* _Information supplied_:
▽
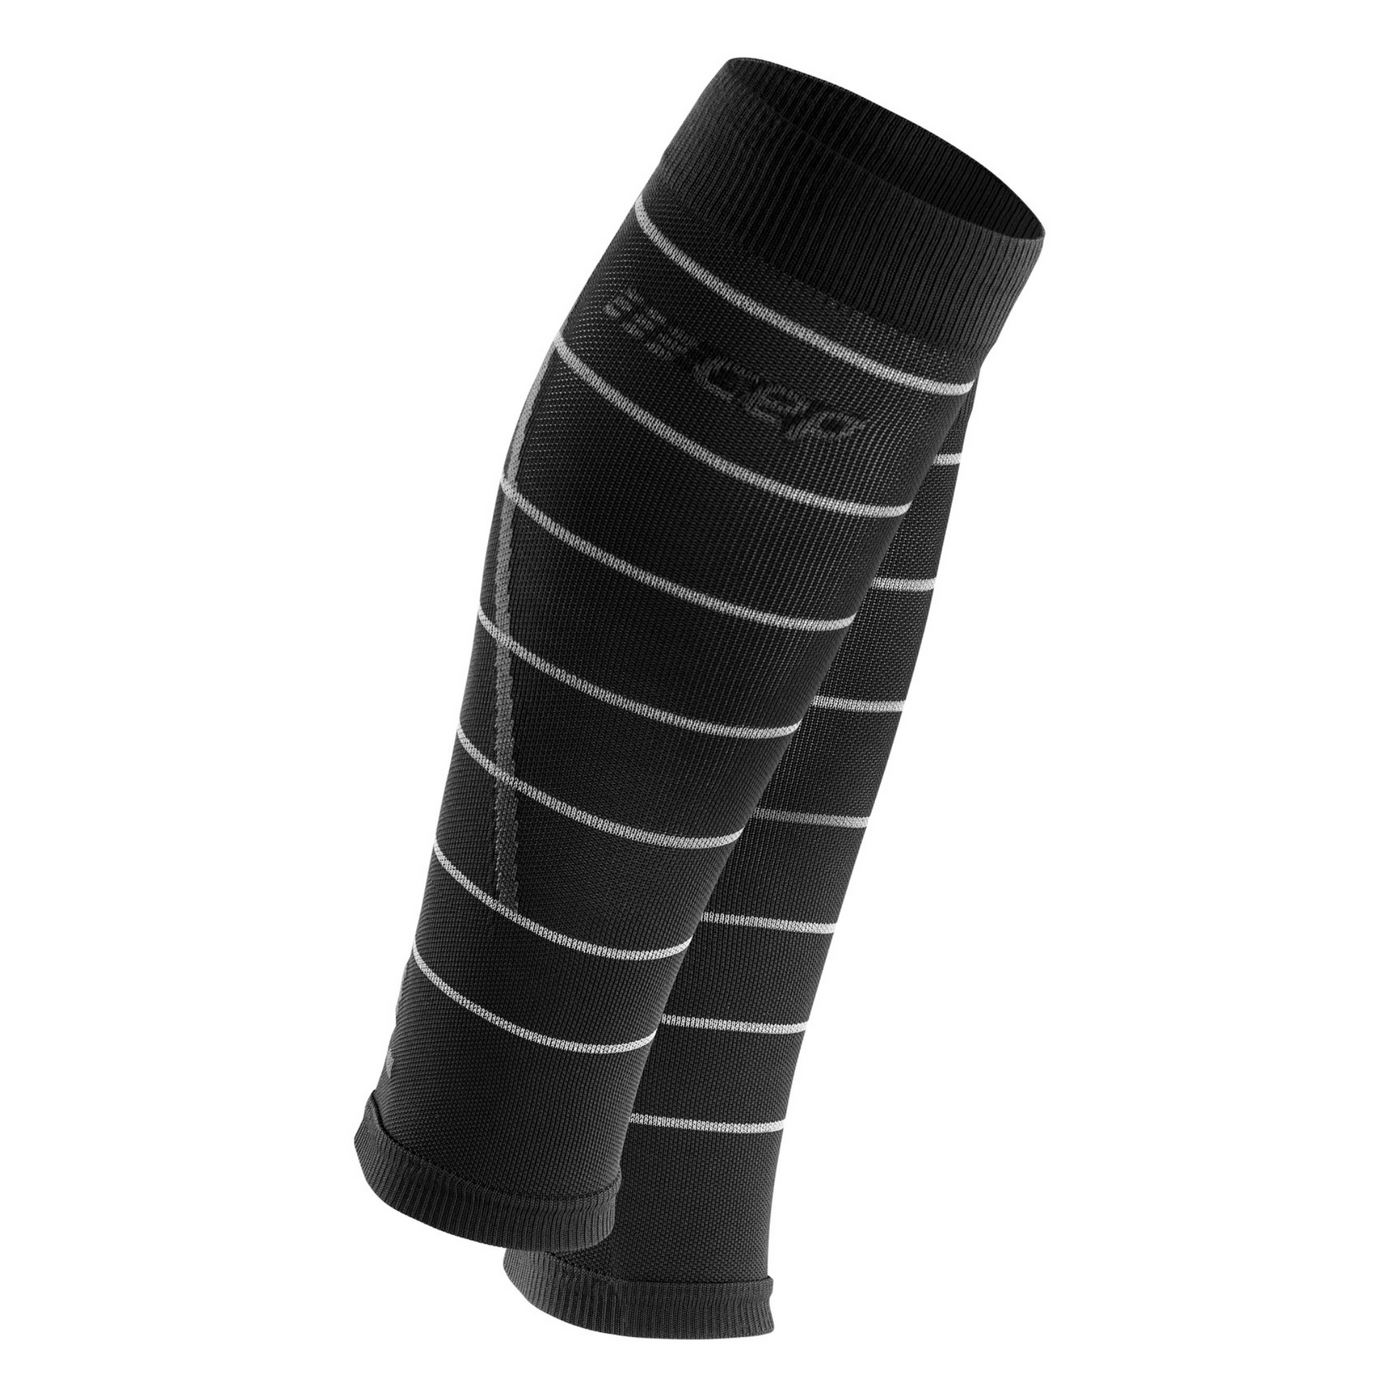 Reflective Compression Calf Sleeves, Men, Black/Silver, Front View
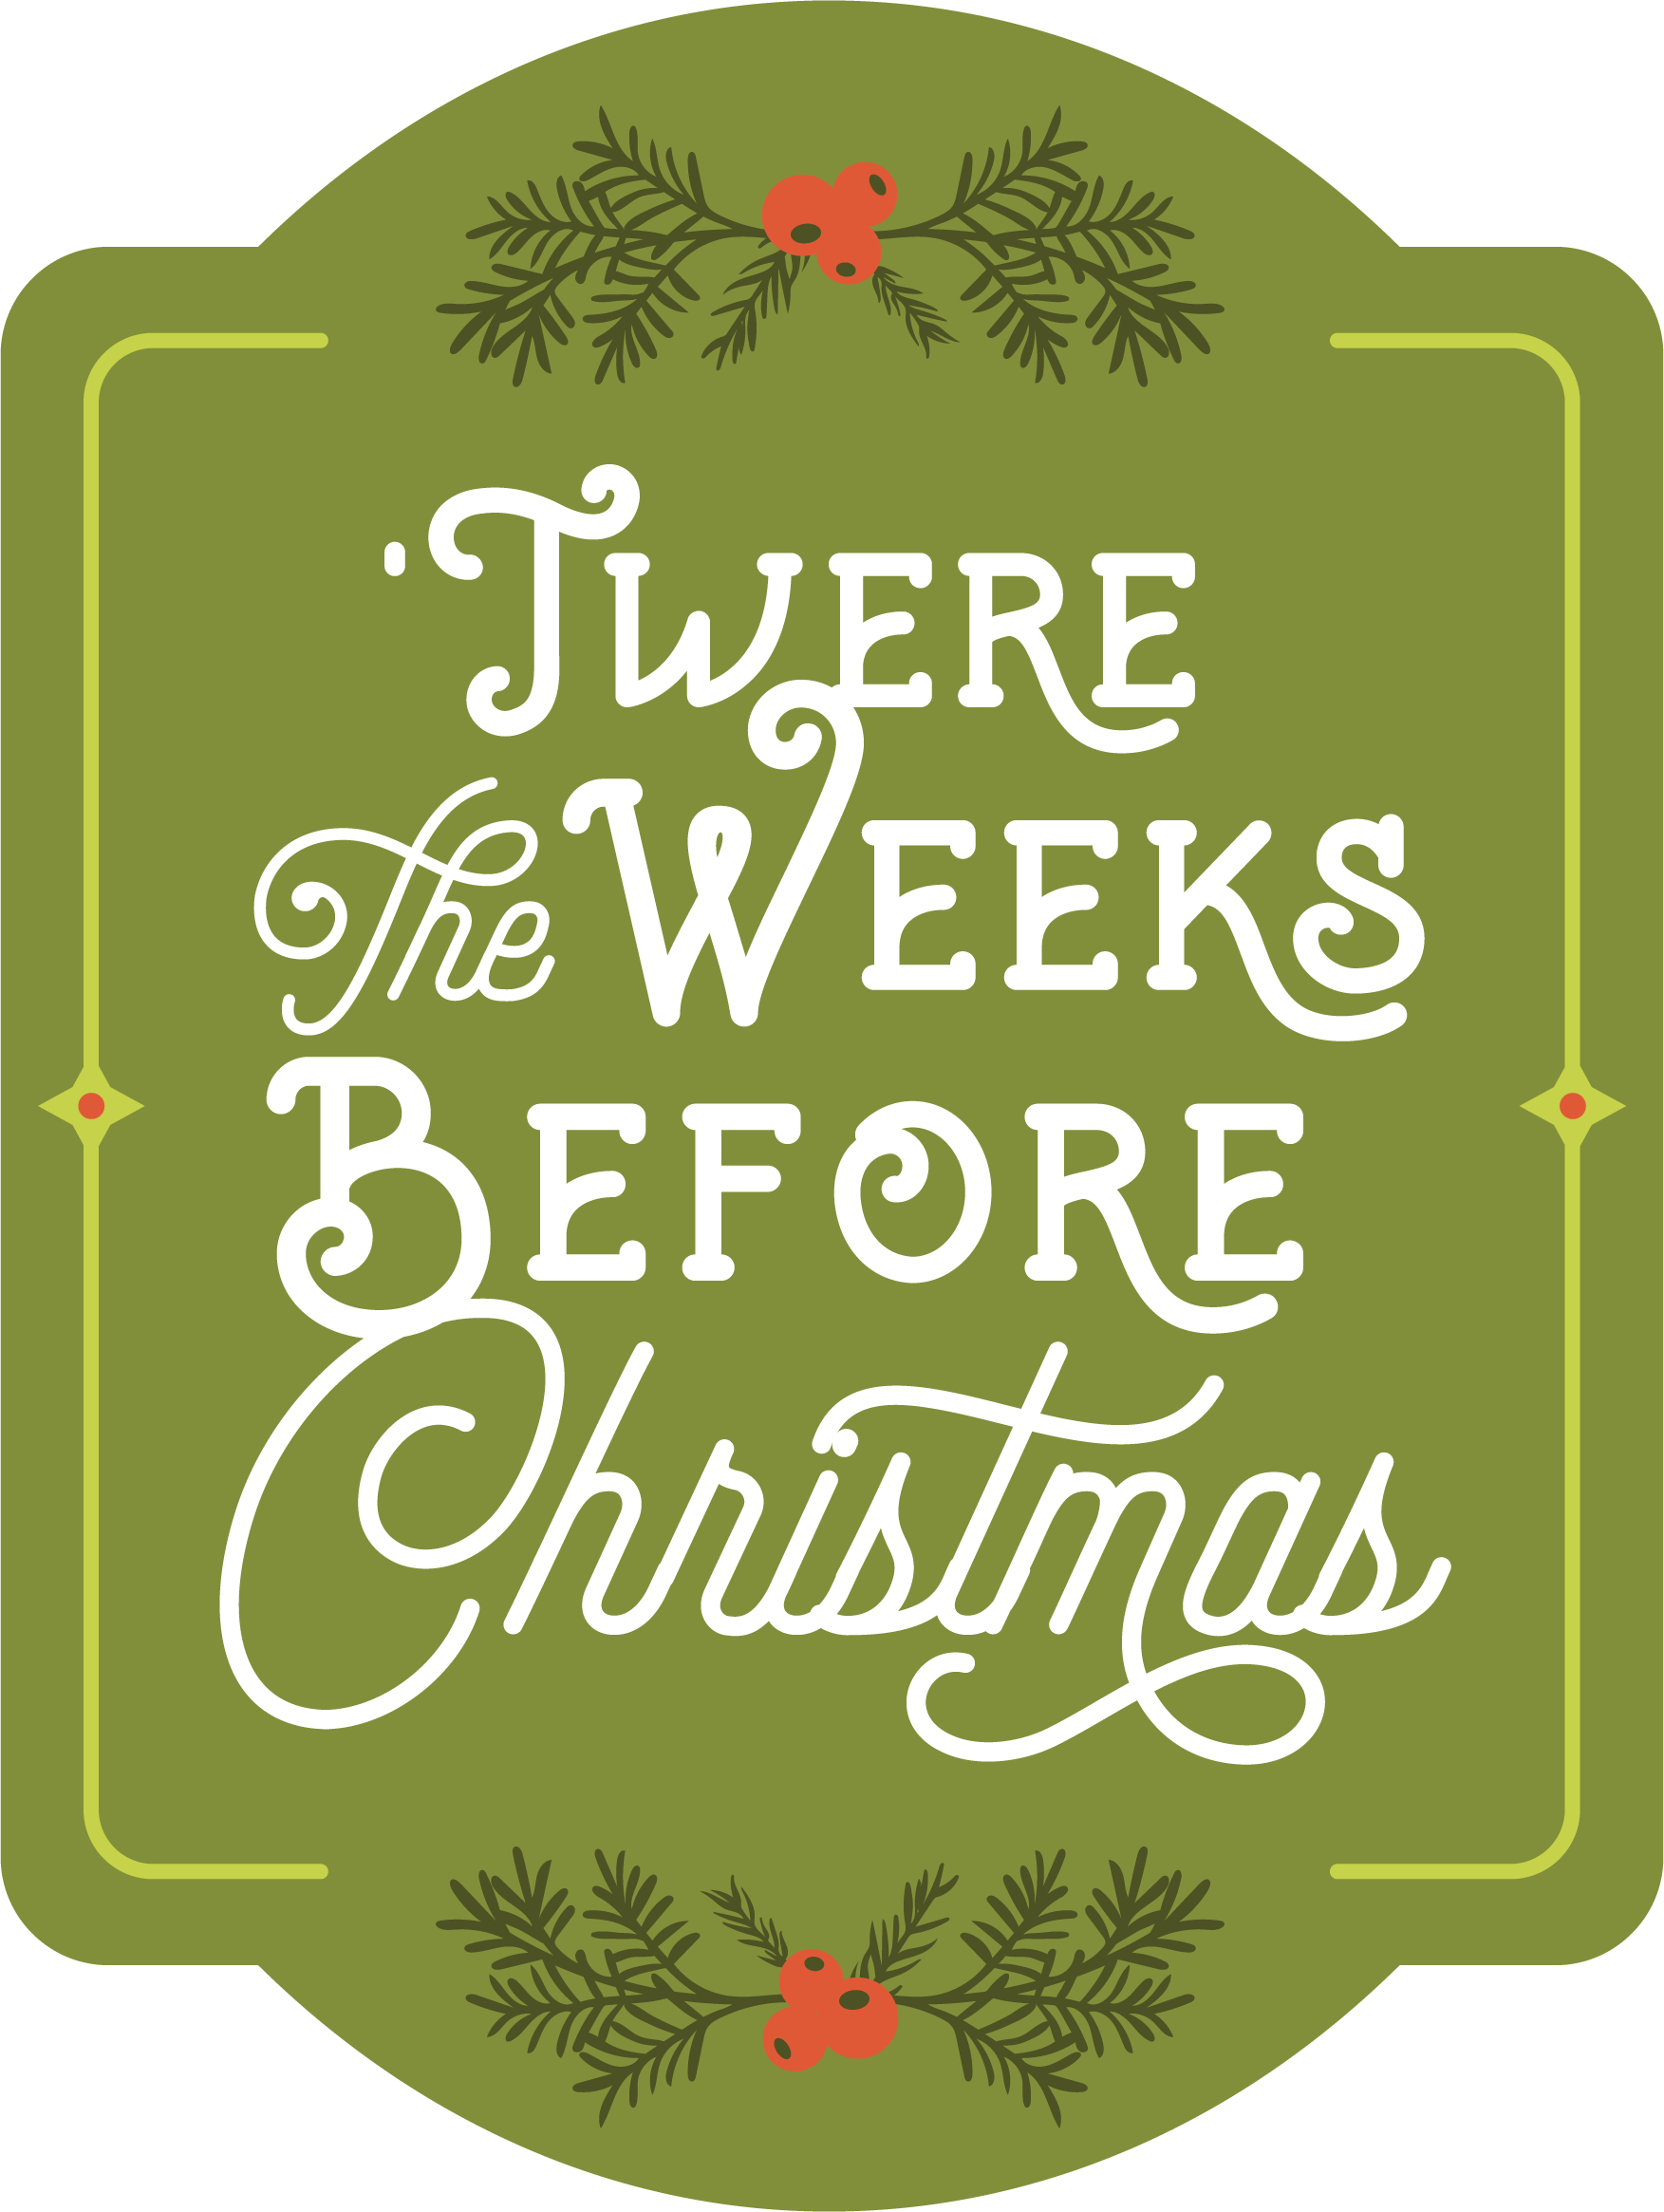 McMinnville Downtown Association's 'Twere The Weeks Before Christmas
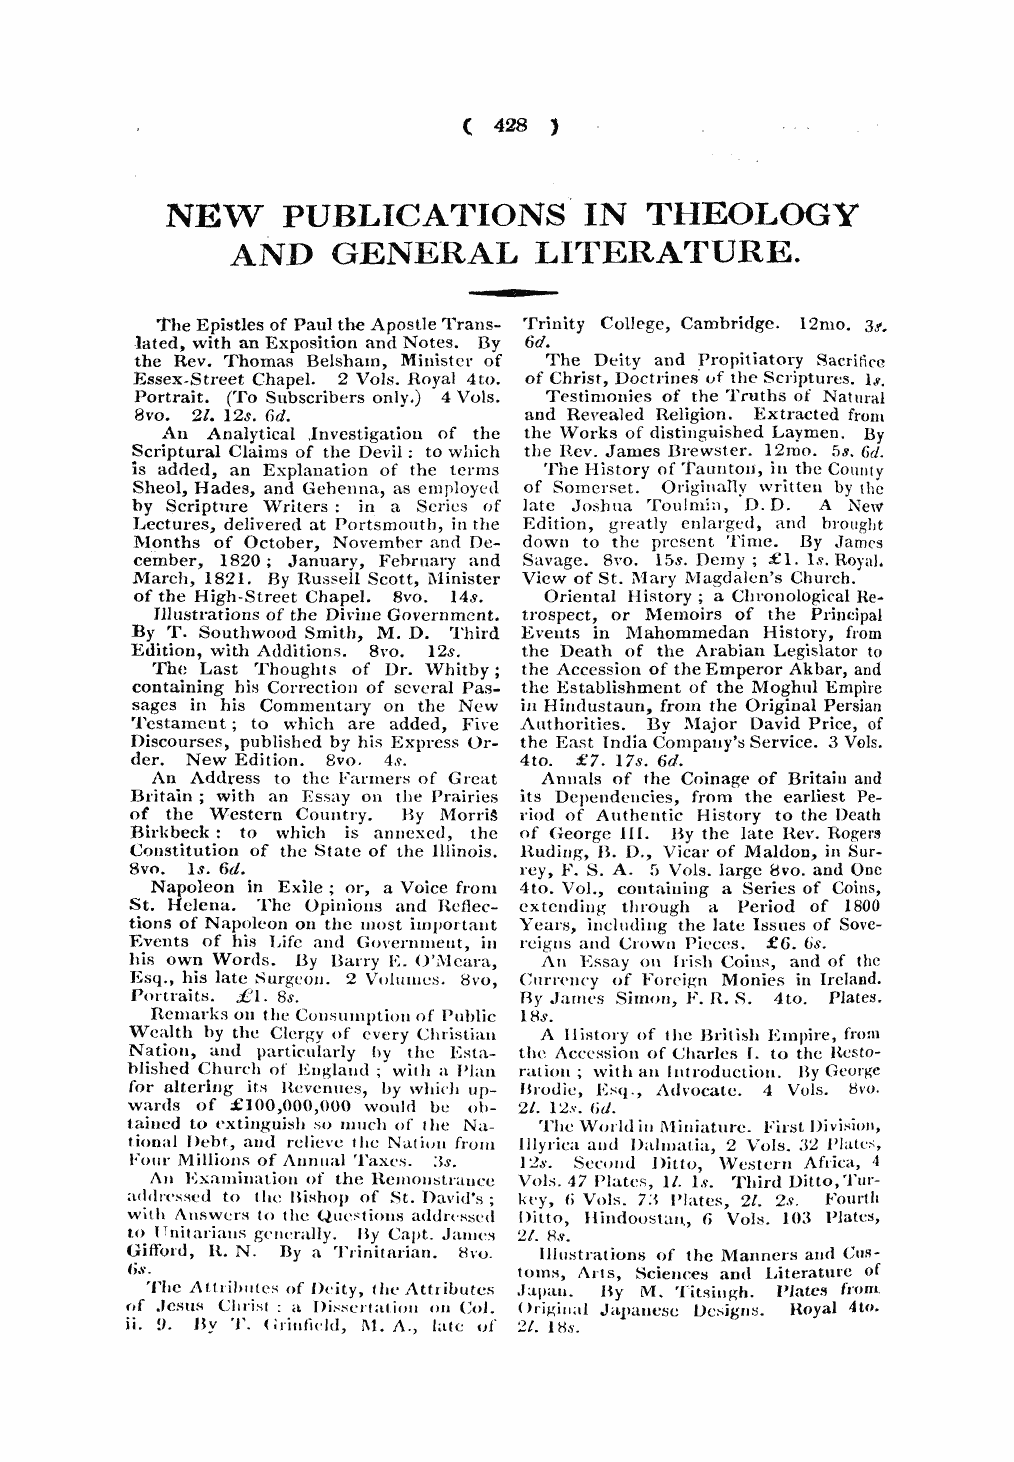 Monthly Repository (1806-1838) and Unitarian Chronicle (1832-1833): F Y, 1st edition: 36
△
Give back the whole listing exactly; no pictures.

* _Answer section_:
 Reflective Compression Calf Sleeves, Men, Black/Silver, Front View
 McMinnville Downtown Association's 'Twere The Weeks Before Christmas
 Monthly Repository (1806-1838) and Unitarian Chronicle (1832-1833): F Y, 1st edition: 36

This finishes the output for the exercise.